**Task description**
For this item, repeat the material exactly while omitting its pictures.

##### Collected data

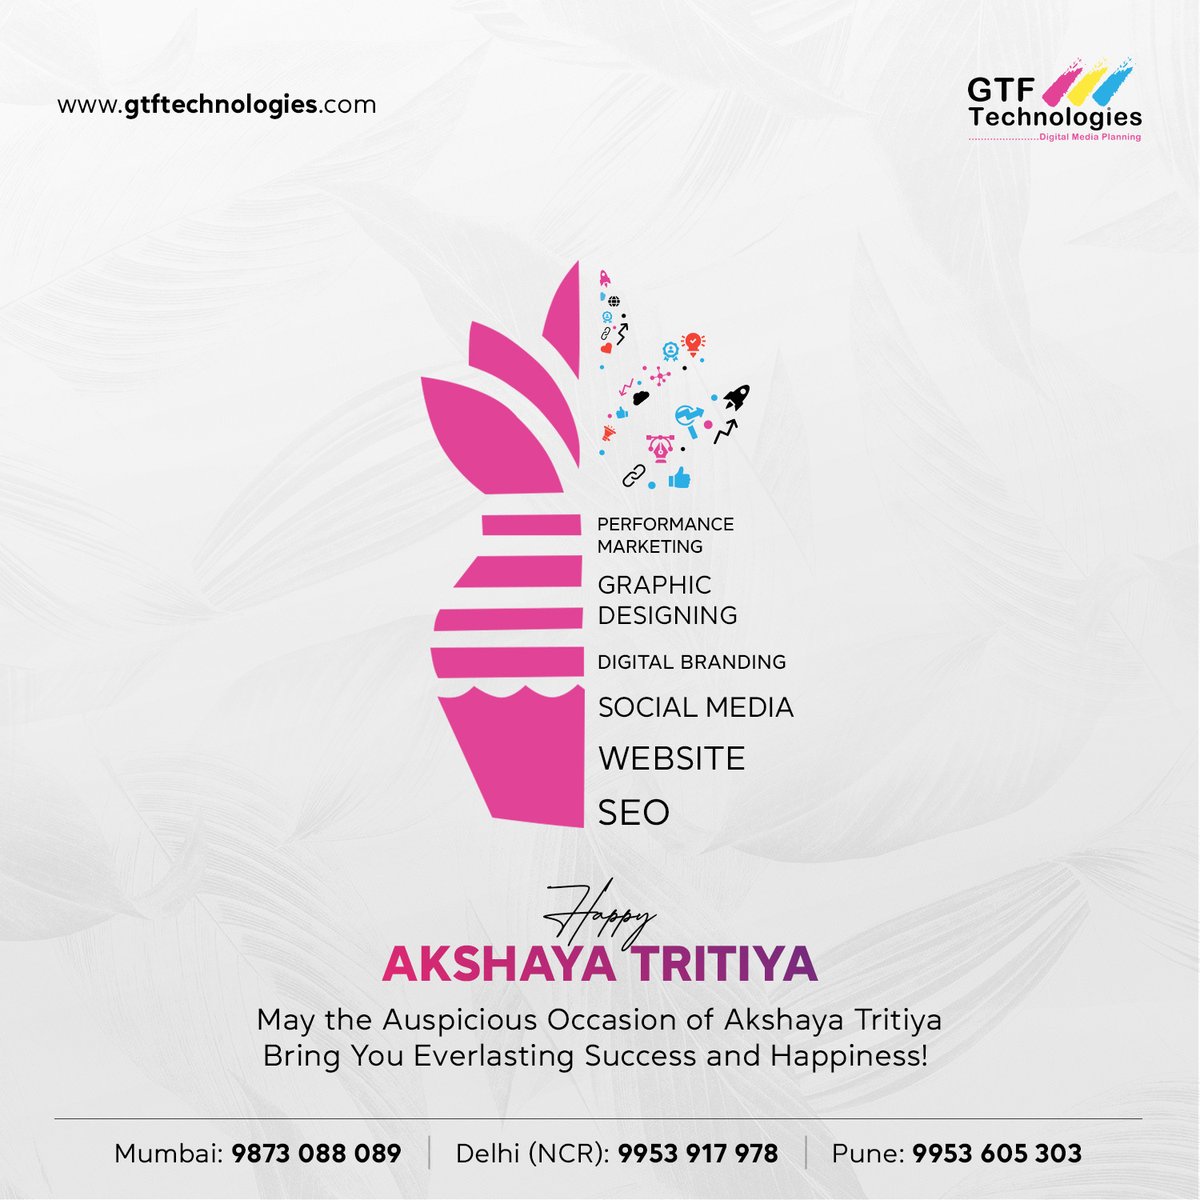 May the auspicious occasion of Akshaya Tritiya bring prosperity and abundance to your life! 
#AkshayaTritiya #Prosperity #Abundance #GoodWishes #GTFtechnologies #digitalmarketingagency #realestatemarketingagency #realestateagency #realestatemarketingagencynoida #mumbai #pune
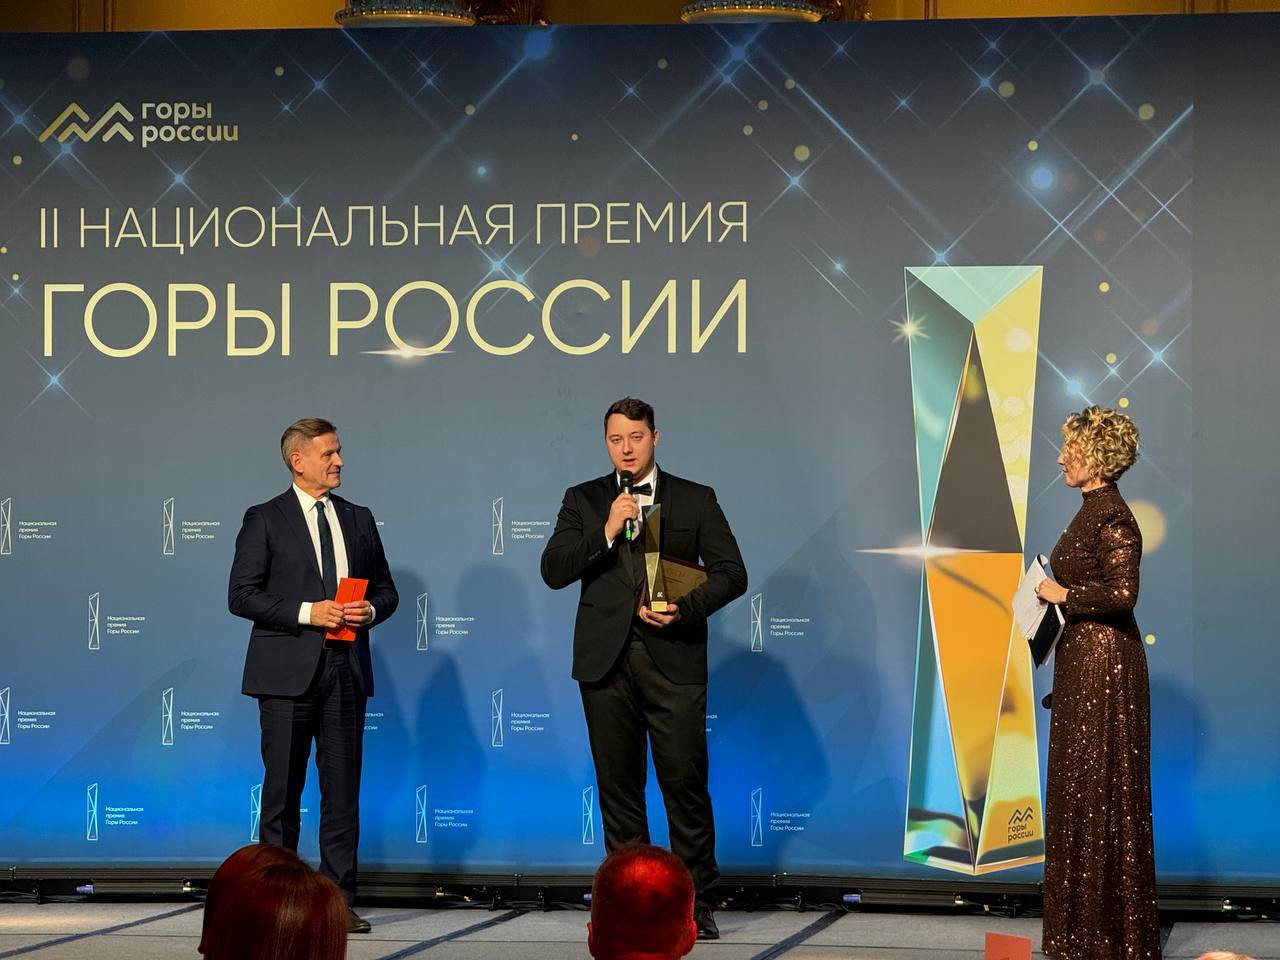 Курорт «Большой Вудъявр» одержал победу в номинации «Лучший курорт в черте города» II Национальной премии «Горы России»

##########

**Finished task**
 May the auspicious occasion of Akshaya Tritiya bring prosperity and abundance to your life! 
#AkshayaTritiya #Prosperity #Abundance #GoodWishes #GTFtechnologies #digitalmarketingagency #realestatemarketingagency #realestateagency #realestatemarketingagencynoida #mumbai #pune
 Курорт «Большой Вудъявр» одержал победу в номинации «Лучший курорт в черте города» II Национальной премии «Горы России»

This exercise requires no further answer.